2010-08-17 Thread Giacomo A. Catenazzi

On 17.08.2010 13:39, Simon Richter wrote:

Hi,

I have been asked to provide packages for a small piece of software that
uses this licence:

 This software is provided 'as-is', without any express or implied
 warranty.  In no event will the authors be held liable for any damages
 arising from the use of this software.

 Permission is granted to anyone to use this software for any purpose,
 including commercial applications, and to alter it and redistribute it
 freely, subject to the following restrictions:

 1. The origin of this software must not be misrepresented; you must not
claim that you wrote the original software. If you use this software
in a product or c64-release, an acknowledgment in the product
documentation or credits would be appreciated. Or beer!
 2. Altered source versions must be plainly marked as such, and must not be
misrepresented as being the original software.
 3. This notice may not be removed or altered from any source distribution.
 4. If you alter this software and release it, you must also provide the
source. You may not turn this into yet-another-windows-only-c64-
software. The software's platform independance and portability must
be maintained, no x86-only assembly code (unless there's also a plain
C version of it), no Windows-only API shit. If you violate this,
pestilence shall come upon you, and DeeKay shall come to your house
and format your harddrive to install Linux. Your C64 will be
confiscated and you will be forced to use a Sinclair Spectrum ZX81
to do all your coding - with its shitty membrane keyboard!

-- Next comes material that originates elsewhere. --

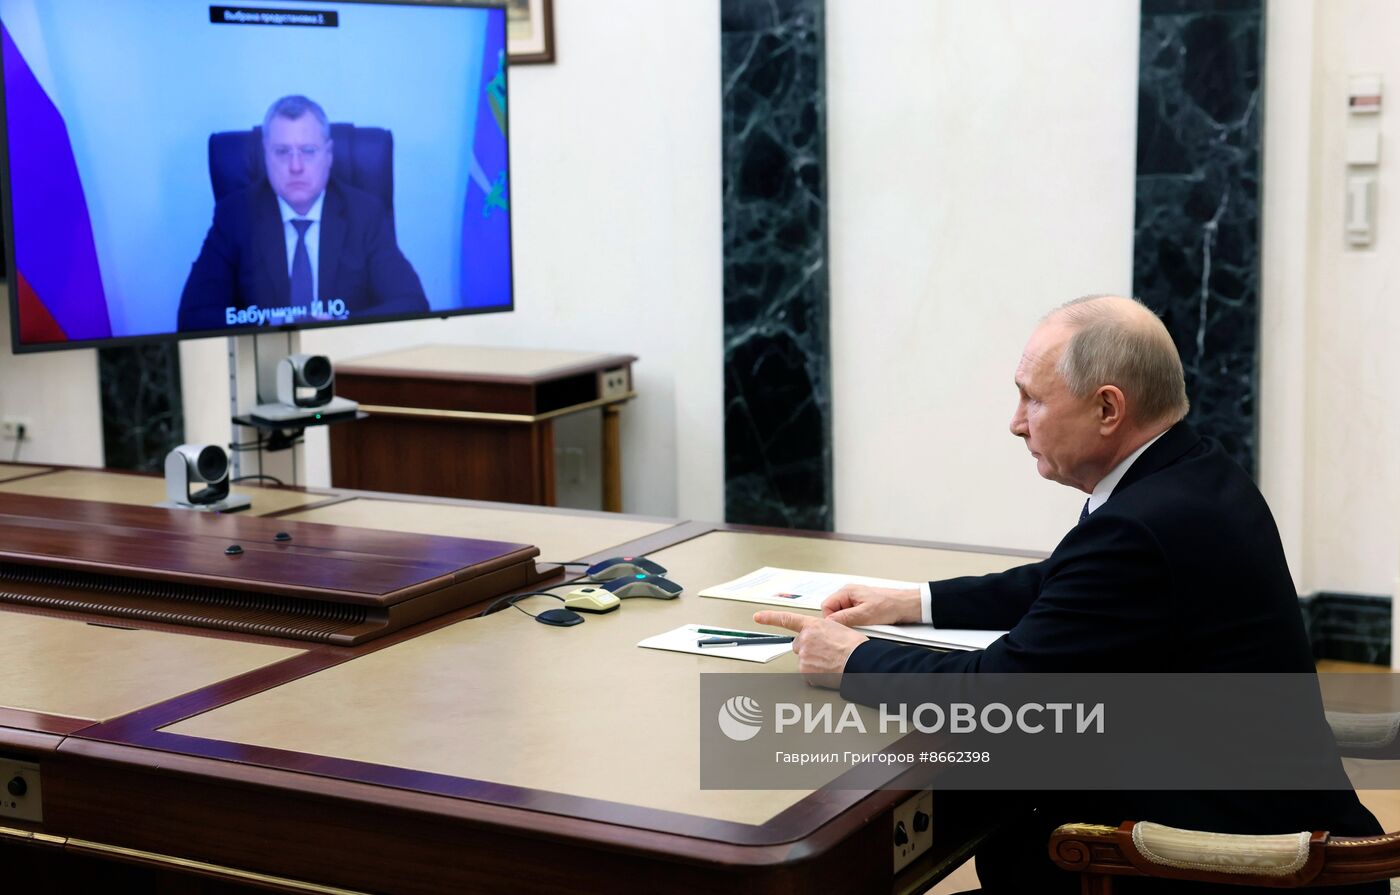 Президент Владимир Путин провел встречу c губернатором Астраханской области Игорем Бабушкиным

It is not a BSD like license: "you must also provide the source.",
so nearly a copyleft with very few requirements.


Anyway it is "non-free", because:
"The software's platform independance and portability must
be maintained, no x86-only assembly code (unless there's also a plain
C version of it), no Windows-only API shit. "

This limits what/how you can modify it, which is again DFSG.
What does it mean in Debian? We should write patches so that
we must support Windows and MacOS X? (Or maybe on mainframe
and also strange systems with maybe strange libraries?)

PS: I have a C64. With this license the author reclaims the ownership
of my C64 if I do POSIX-only changes.